MOHAMED EL-ERIAN: Initially, the market did OK.
YDSTIE: That's Mohamed El-Erian, CEO of the giant bond fund PIMCO based in California. He and his staff had spent the weekend at work among discarded pizza boxes, preparing for the worst, but expecting Lehman to be rescued like Bear Stearns had been six months earlier.
EL-ERIAN: The initial spin and the initial sort of movement was, oh, there must be a plan, because no one in their right mind would allow Lehman to fail in a disorderly fashion. But within hours, it became clear that there was no plan.
YDSTIE: At the end of the day, the Dow closed down 500 points. Former Fed vice chairman Alan Blinder, now a professor at Princeton, says the market was totally confused and nothing seemed safe anymore.
ALAN BLINDER: It looked like the old rulebook that had governed under Bear Stearns had been tossed out the window, and nobody on Wall Street or in the financial markets around the world knew any longer what the rulebook said. And that's a recipe for catastrophe, which would have been avoided had Lehman been treated more or less the same way as Bear Stearns.
YDSTIE: Then, the very next day, the rulebook changed again. The government bailed out the mammoth insurance firm AIG, which had provided insurance in the form of credit default swaps to virtually every big bank in the world, guaranteeing them payment if their bets went bad. That same day, credit began to freeze up. A huge money market fund that held lots of Lehman paper, the reserved primary fund, broke the buck.

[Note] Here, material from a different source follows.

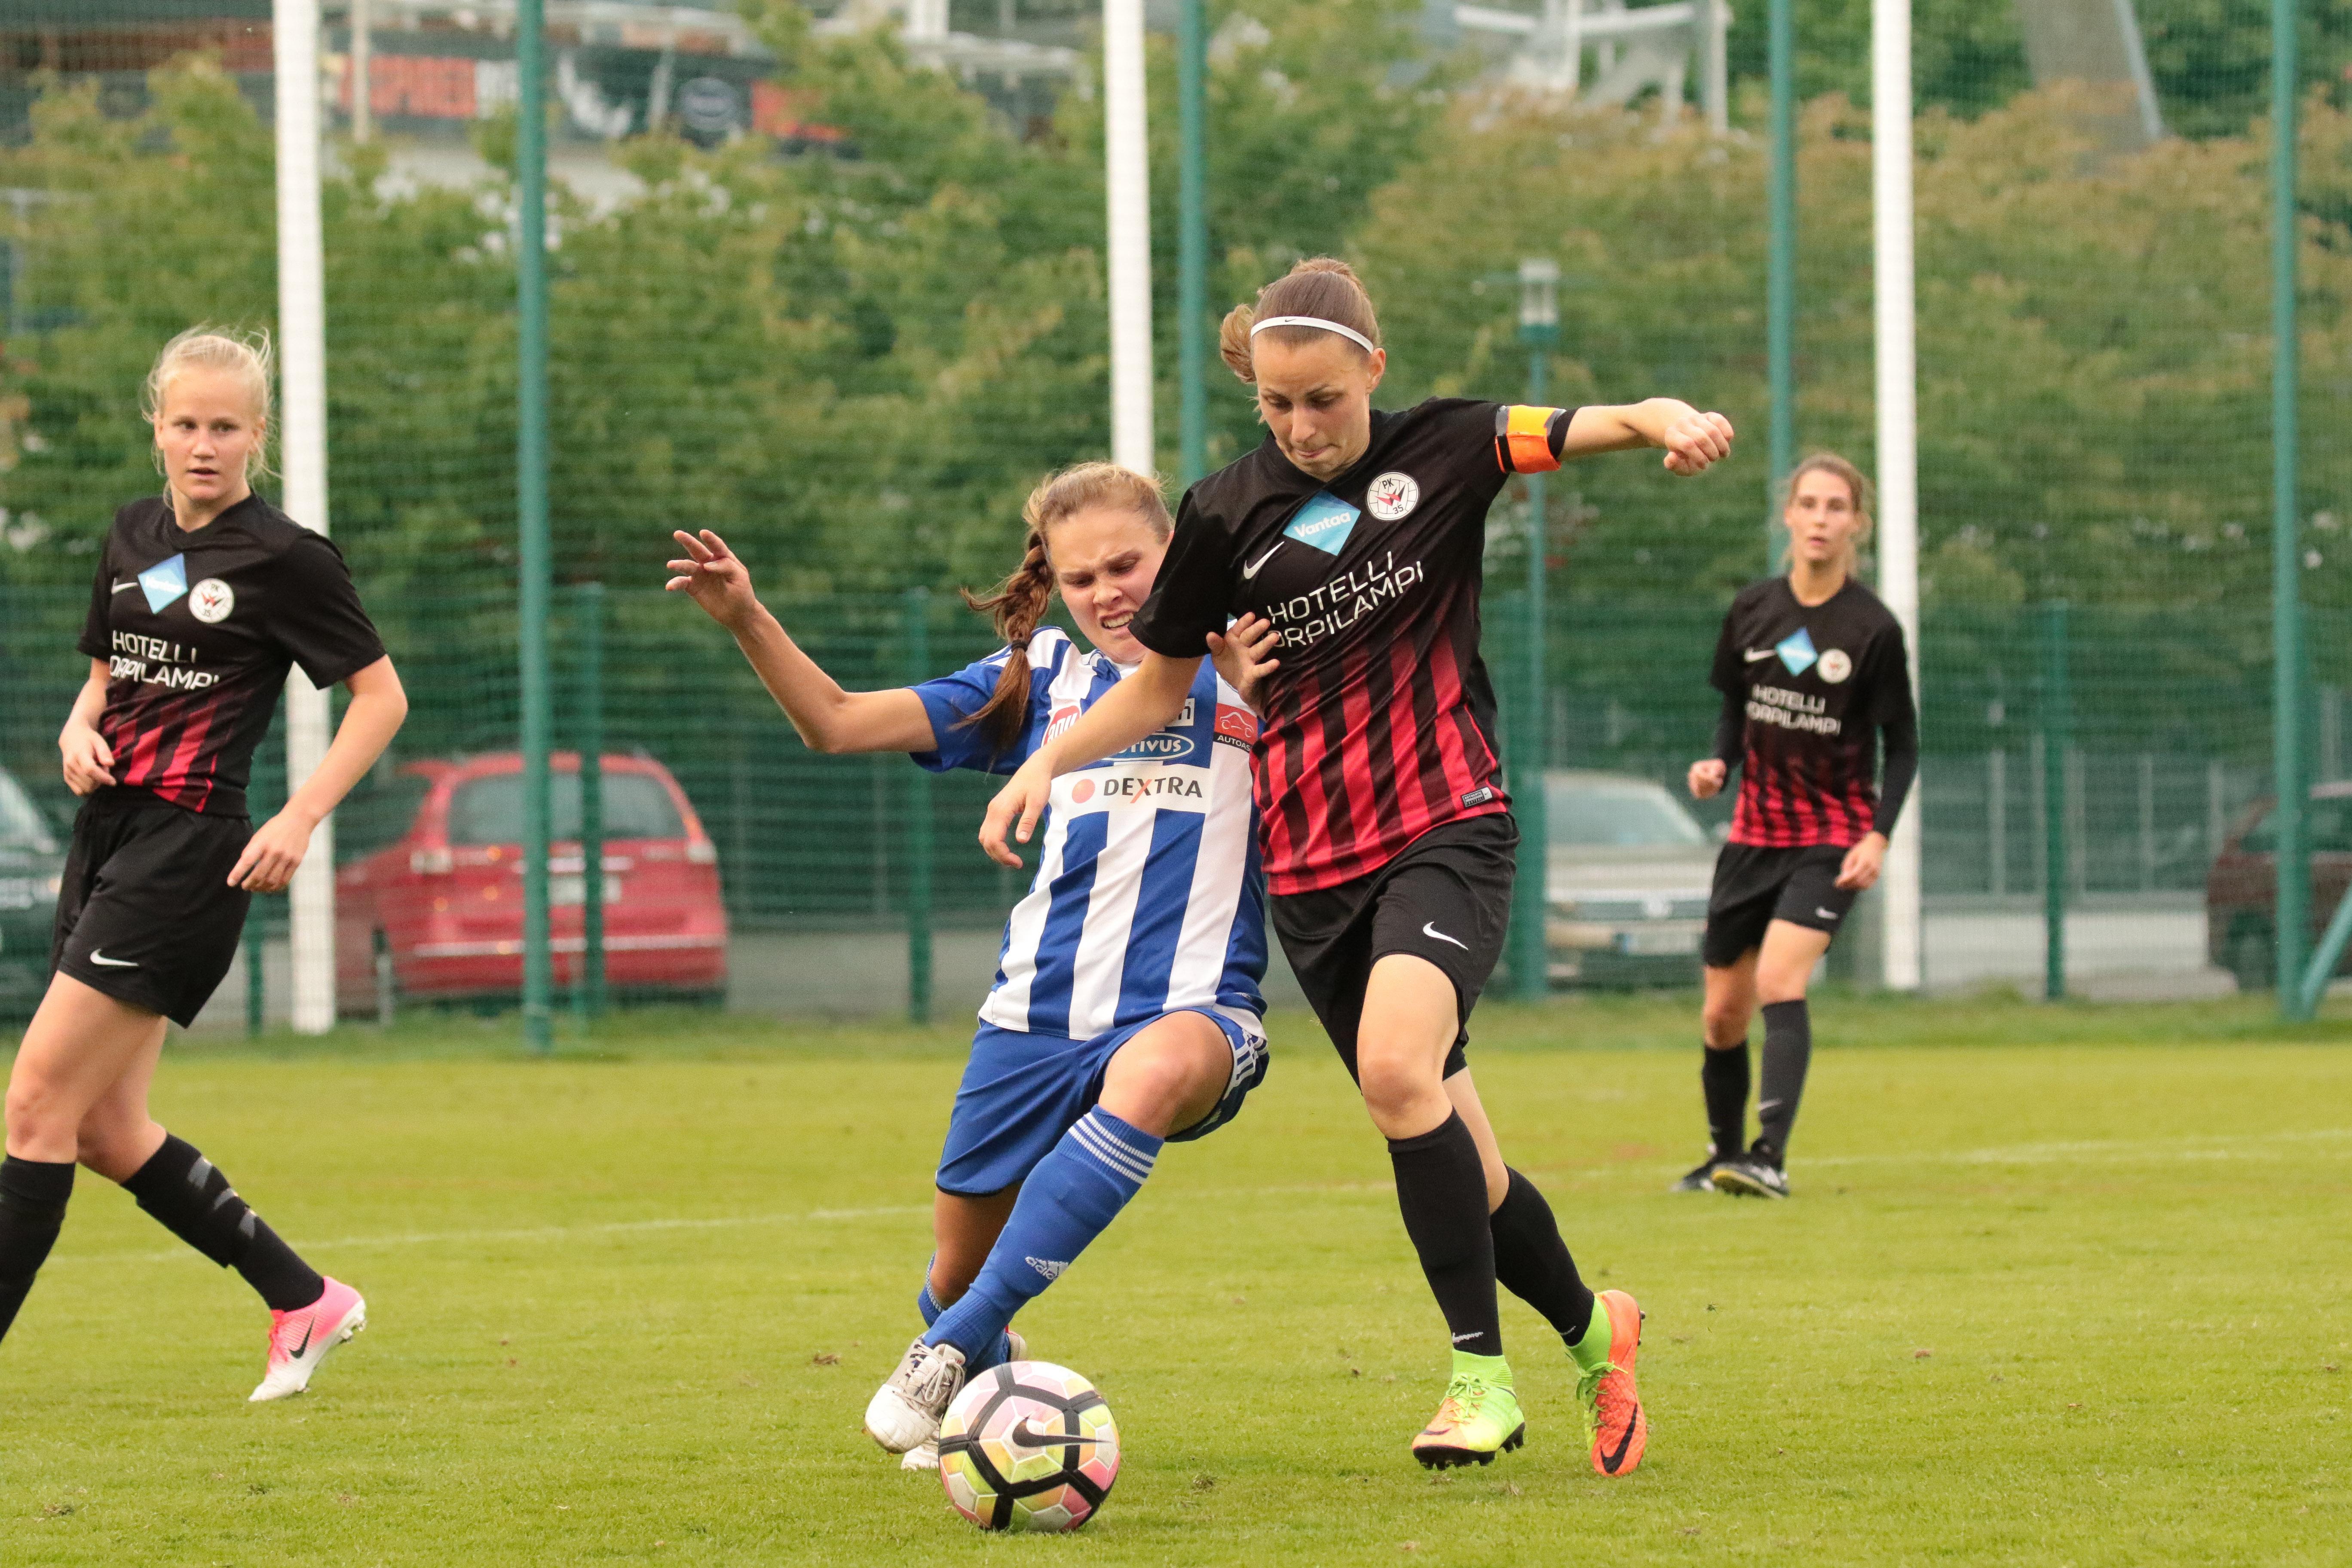 HJK – PK 35 Vantaa, 0 2, Naisten Liiga, 6.9.2017 18

Its share price fell below $1, the kiss of death for a money fund.
A run-on money market funds began and El-Erian called his wife from the office and told her to go to the ATM.
EL-ERIAN: And take the maximum $500 that you can take. And she said, you know, why? We don't need $500, right? And I said, just go to the ATM. I'm not sure the banks are going to open tomorrow. And she said to me, you must be kidding. I said no.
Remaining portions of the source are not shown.